Wednesday

Late this morning, nine o'clock and later because of going back to sleep after being up from about two till about three. Today gets the coveted A Best Morning award. 

Up for black and dark earlier in predawn dark, must have been cloudy along with chilly: from the porch could not see Moon and Venus. Breakfast, the rest of that lox with crackers, and one slice of "maple bread" that really tastes like maple, one of my favorite flavors. Now well after nine, contemplating whether to write this.



The hurrication that outwardly seems calm and peaceful is bringing on anxiety dreams. Different formats, situations, scenarios. In one, I find myself squeezed down in a tiny space between bed and wall, peeling thin layers of metal off the storm-damaged wall, then needing to get up, trapped, unable to move, legs under the bed that is too heavy to move, struggling to get up and out but the bed holding me against the wall. It makes no sense except spilling out the anxiety of this post hurricane world that, awake, my mind holds in check. There are others, about one a night, situation varies, but nonetheless. 



I am wondering if my conscious effort to withdraw from my attachments to all the things in 7H that loved ones have given me over the years, if that conscious effort is backfiring at night when the conscious relaxes and the gates swing open. 

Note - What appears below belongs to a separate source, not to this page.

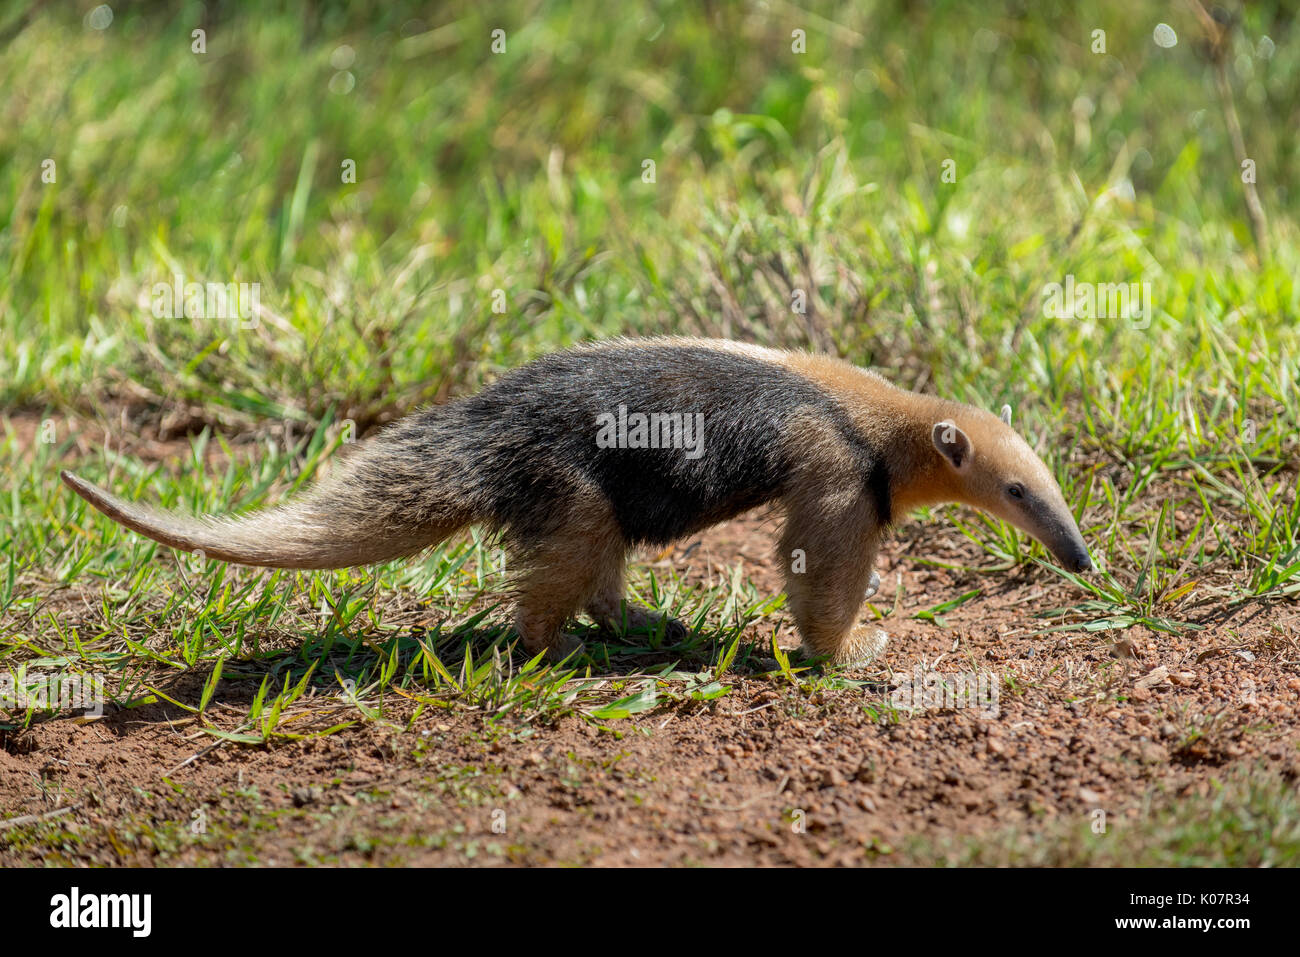 Southern tamandua or collared anteater (Tamandua tetradactyla), Pantanal, Mato Grosso do Sul, Brazil Stock Photo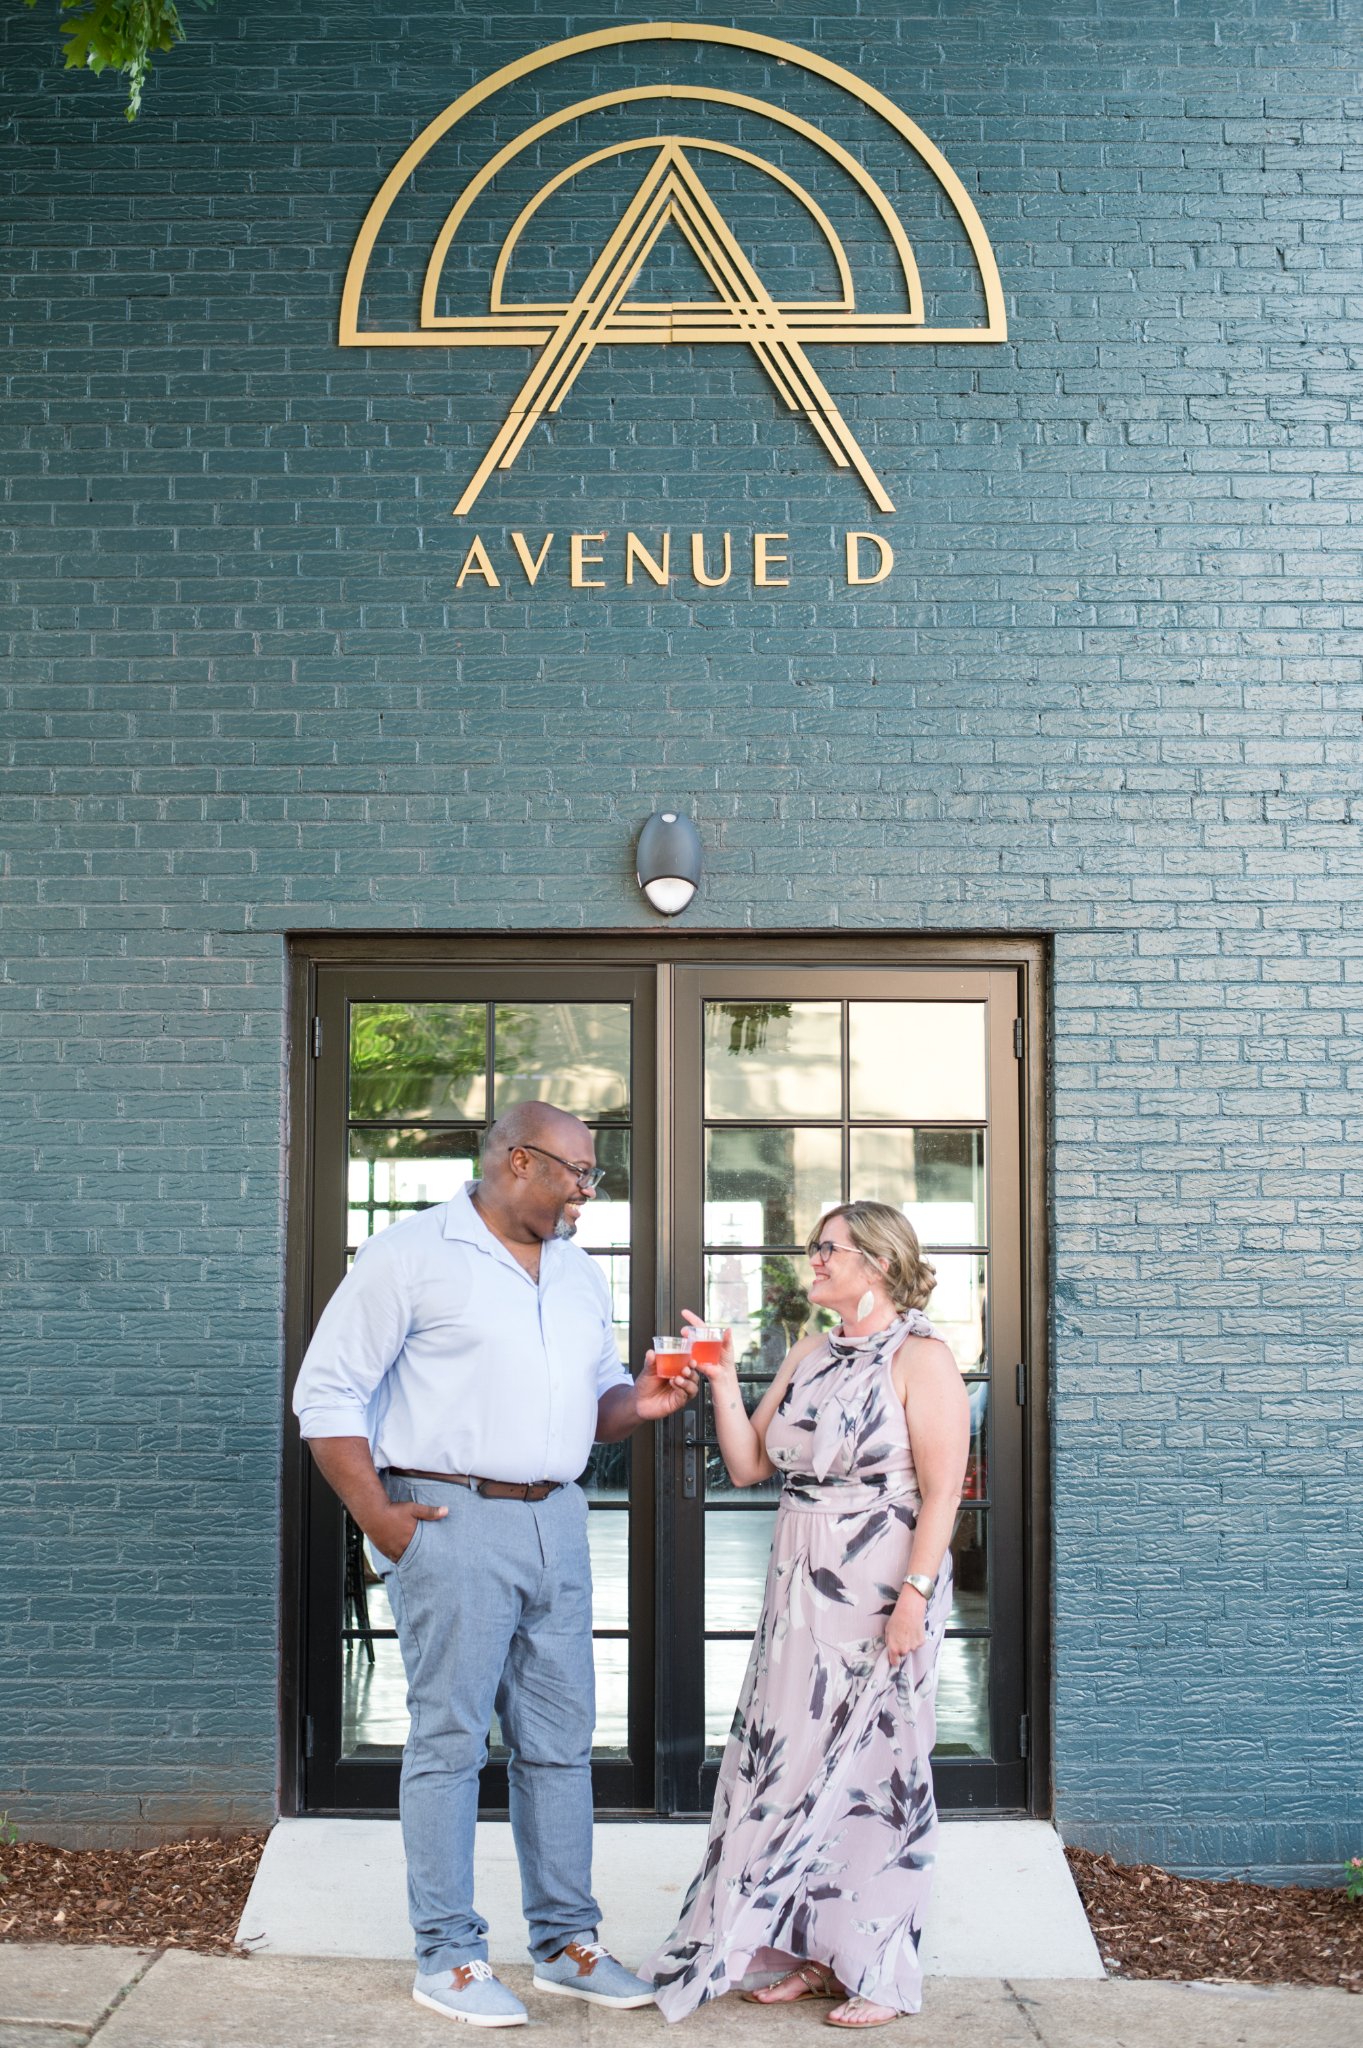 couple with bnb beverage management signature cocktails outside avenue d sign

Others are deterring me, but this ongoing shock of loss, both of things and of control, is such that I think I really do not want to go back. Much as I've always loved the sea, trees, forests and the woods, beginning from playing in the thick forest of huge old trees that was behind our house when I was a child, what I really want now is a trailer, a small mobile home, in a pasture covered with wildflowers, and no trees for miles around!!